7GC & Co Holdings is a $230m particular objective acquisition firm traded on the Nasdaq underneath the ticker: VII. The agency is a partnership between 7GC, a expertise progress fund based mostly in San Francisco, California and Berlin, Germany and Hennessy Capital, and a number one unbiased SPAC sponsor based mostly in Wilson, Wyoming and Los Angeles, California. 7GC is led by its Chief Govt Officer, Jack Leeney, and its Chief Monetary Officer, Christopher Walsh.

About Banzai

Banzai is a number one enterprise SaaS Video Engagement platform utilized by hundreds of entrepreneurs to energy webinars, trainings, digital occasions and on-demand video content material. On a mission to make advertising extra human, Banzai makes it simple for entrepreneurs to create, develop and observe ROI on dwell and hosted content material by concentrating on new audiences and deepening buyer and prospect relationships.

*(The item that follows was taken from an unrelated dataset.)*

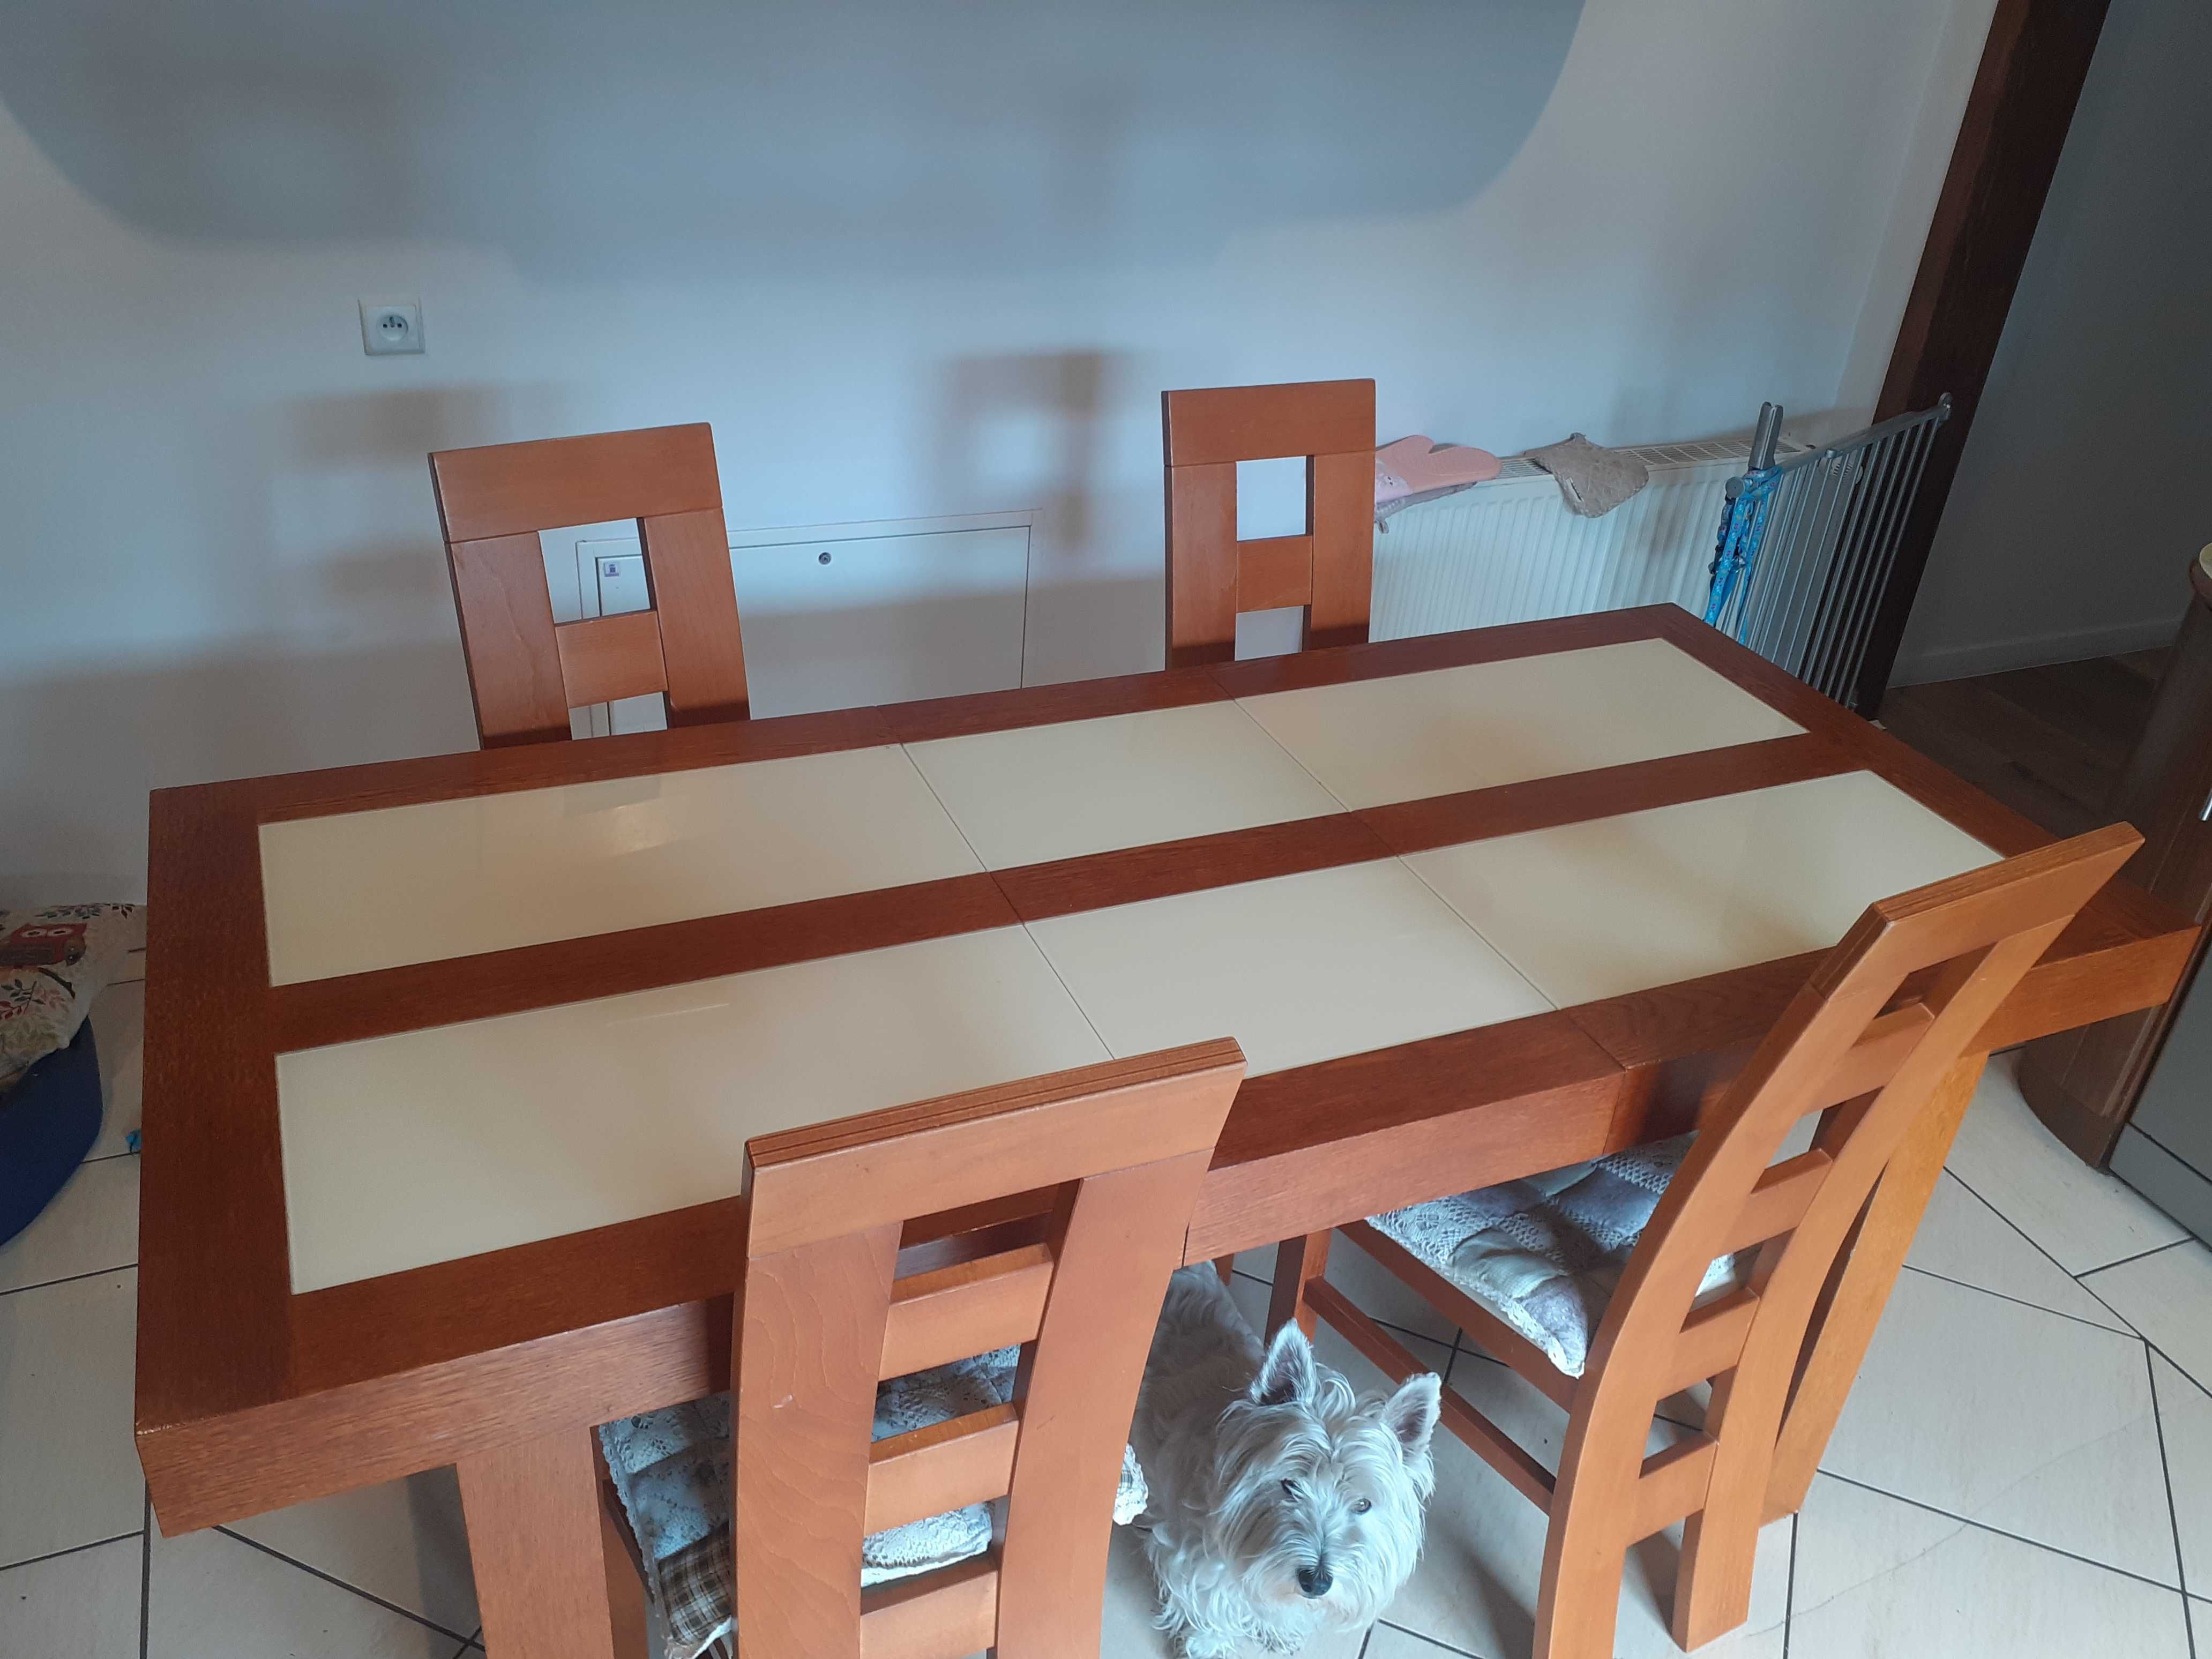 krzesła i stół używane

Banzai clients embody Sq., Hewlett Packard Enterprise, Thermo Fisher Scientific, Thinkific, Doodle and ActiveCampaign, amongst hundreds of others. Be taught extra at www.banzai.io.

Extra Data and The place to Discover It

The proposed enterprise mixture shall be submitted to stockholders of VII for his or her consideration and approval at a particular assembly of stockholders. VII and Banzai will put together the Registration Assertion to be filed with the SEC by VII, which can embody preliminary and definitive proxy statements to be distributed to VII’s stockholders in reference to VII’s solicitation for proxies for the vote by VII’s stockholders in reference to the proposed enterprise mixture and different issues as described within the Registration Assertion, in addition to the prospectus regarding the supply of the securities to be issued to VII’s stockholders and sure of Banzai’s equityholders in reference to the completion of the proposed enterprise mixture. After the Registration Assertion has been filed and declared efficient, VII will mail a definitive proxy assertion and different related paperwork to its stockholders as of the report date established for voting on the proposed enterprise mixture. VII’s stockholders and different individuals are suggested to learn, as soon as obtainable, the preliminary proxy assertion/prospectus and any amendments thereto and, as soon as obtainable, the definitive proxy assertion/prospectus, in reference to VII’s solicitation of proxies for its particular assembly of stockholders to be held to approve, amongst different issues, the proposed enterprise mixture, as a result of these paperwork will comprise vital details about VII, Banzai and the proposed enterprise mixture. Stockholders may get hold of a replica of the preliminary or definitive proxy assertion, as soon as obtainable, in addition to different paperwork filed with the SEC relating to the proposed enterprise mixture and different paperwork filed with the SEC by VII, with out cost, on the SEC’s web site situated at www.sec.gov. Copies of those filings could also be obtained freed from cost on VII’s “Investor Relations” web site at https://www.7gc.holdings/sec-filings or by directing a request to information@7gc.co.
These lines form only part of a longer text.